Melanoma cell-derived exosomes in plasma of melanoma patients suppress functions of immune effector cells.

Sci Rep 2020 01 9;10(1):92. Epub 2020 Jan 9.

Department of Pathology, University of Pittsburgh School of Medicine and UPMC Hillman Cancer Center, Pittsburgh, PA, 15213, USA.

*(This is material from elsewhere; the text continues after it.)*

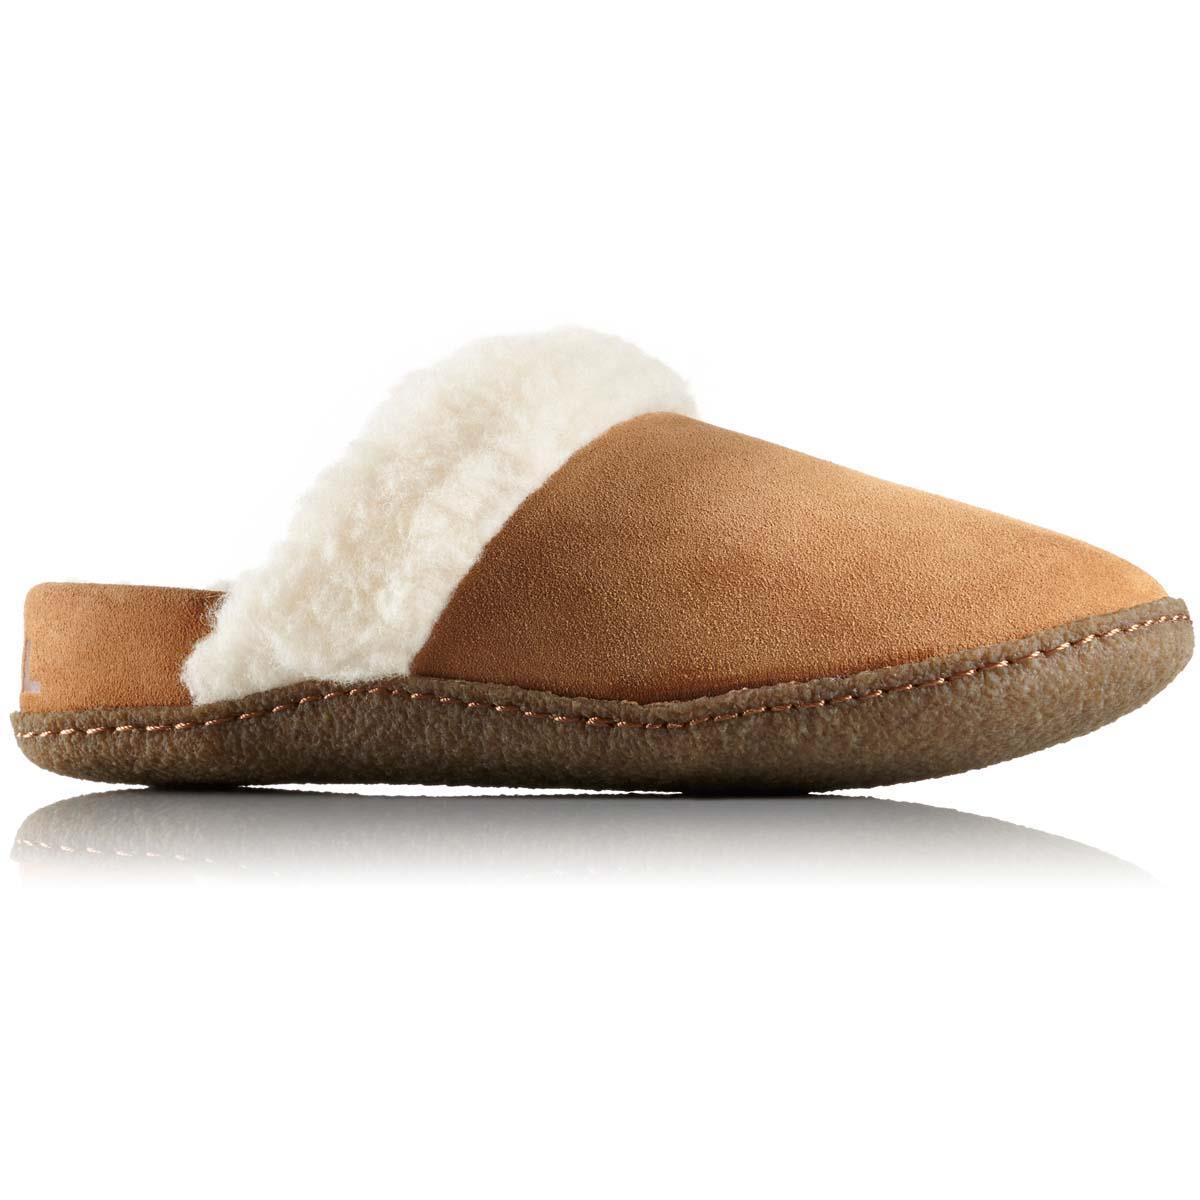 Buy > sorel slippers women's nakiska > in stock
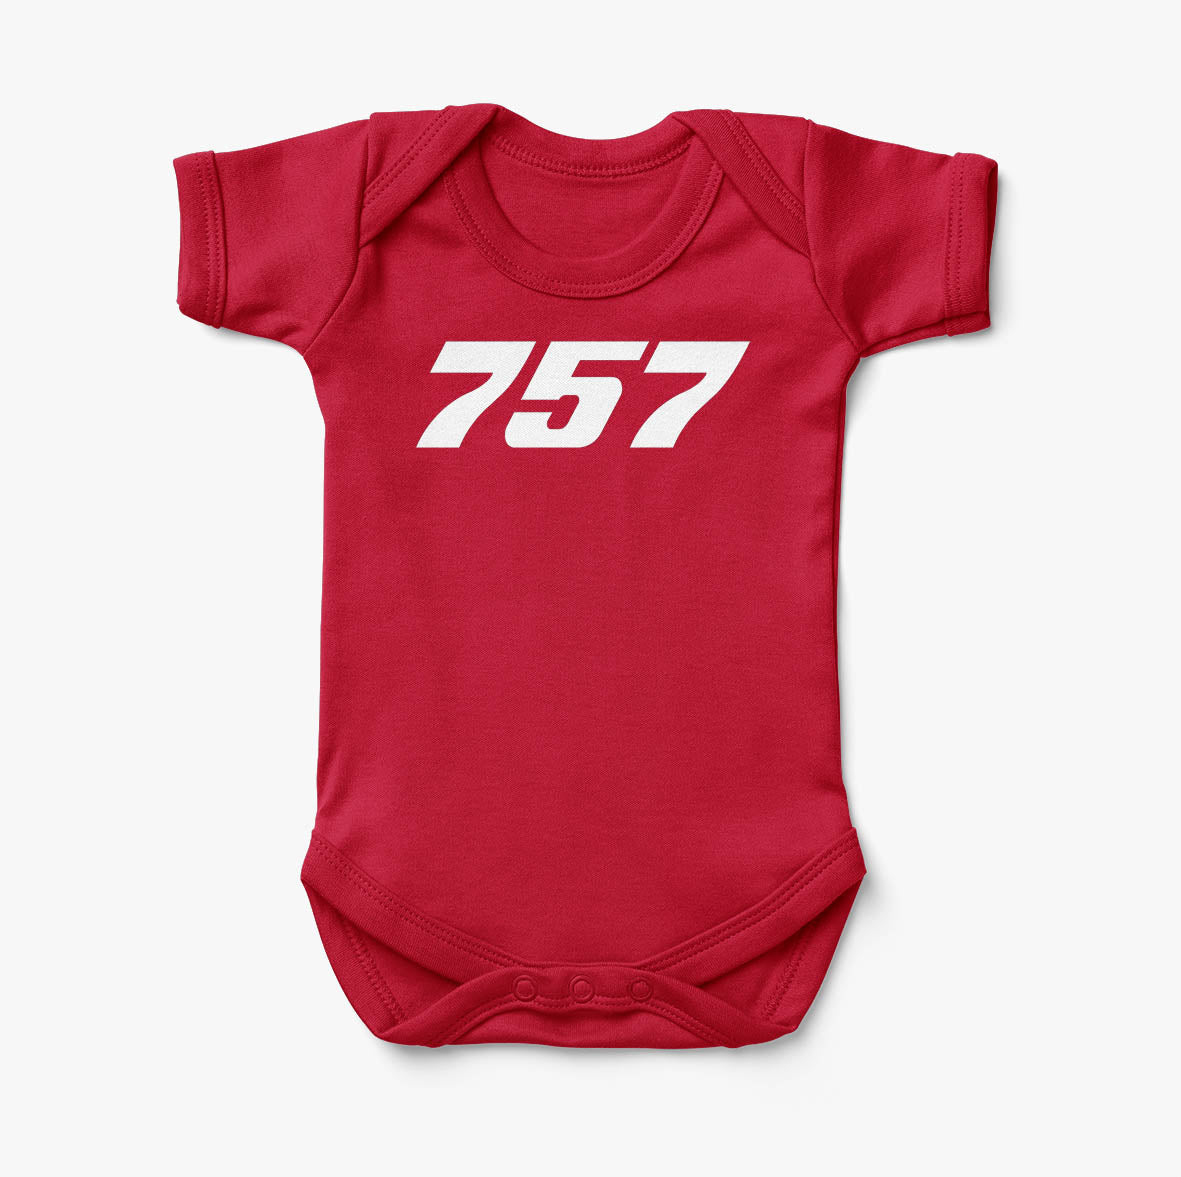 757 Flat Text Designed Baby Bodysuits

Melanoma patients' plasma contains exosomes produced by malignant and normal cells. Plasma exosomes were isolated and separated by immunocapture into two fractions: melanoma cell-derived exosomes (MTEX) and normal cell-derived exosomes (non-MTEX). Immunosuppressive effects of MTEX on primary human immune cells were evaluated. Exosomes were isolated from plasma of 12 melanoma patients and six healthy donors (HDs). Expression levels of 19 immunoregulatory proteins in MTEX, non-MTEX and HDs exosomes were evaluated by on-bead flow cytometry. Functional/phenotypic changes induced in CD8 T or natural killer (NK) cells by MTEX or non-MTEX were compared. Plasma protein levels were higher in patients than HDs (P < 0.0009). In patients, MTEX accounted for 23-66% of total exosomes. MTEX were enriched in immunosuppressive proteins (P = 0.03). MTEX, but not HDs exosomes, inhibited CD69 expression (P ≤ 0.0008), induced apoptosis (P ≤ 0.0009) and suppressed proliferation (P ≤ 0.002) in CD8 T cells and downregulated NKG2D expression in NK cells (P = 0.001). Non-MTEX were enriched in immunostimulatory proteins (P = 0.002) and were only weakly immunosuppressive. Elevated MTEX/total exosome ratios and, surprisingly, non-MTEX ability to induce apoptosis of CD8 T cells emerged as positive correlates of disease stage. MTEX emerge as the major mechanism of tumor-induced immune suppression and as an underestimated barrier to successful melanoma immunotherapy.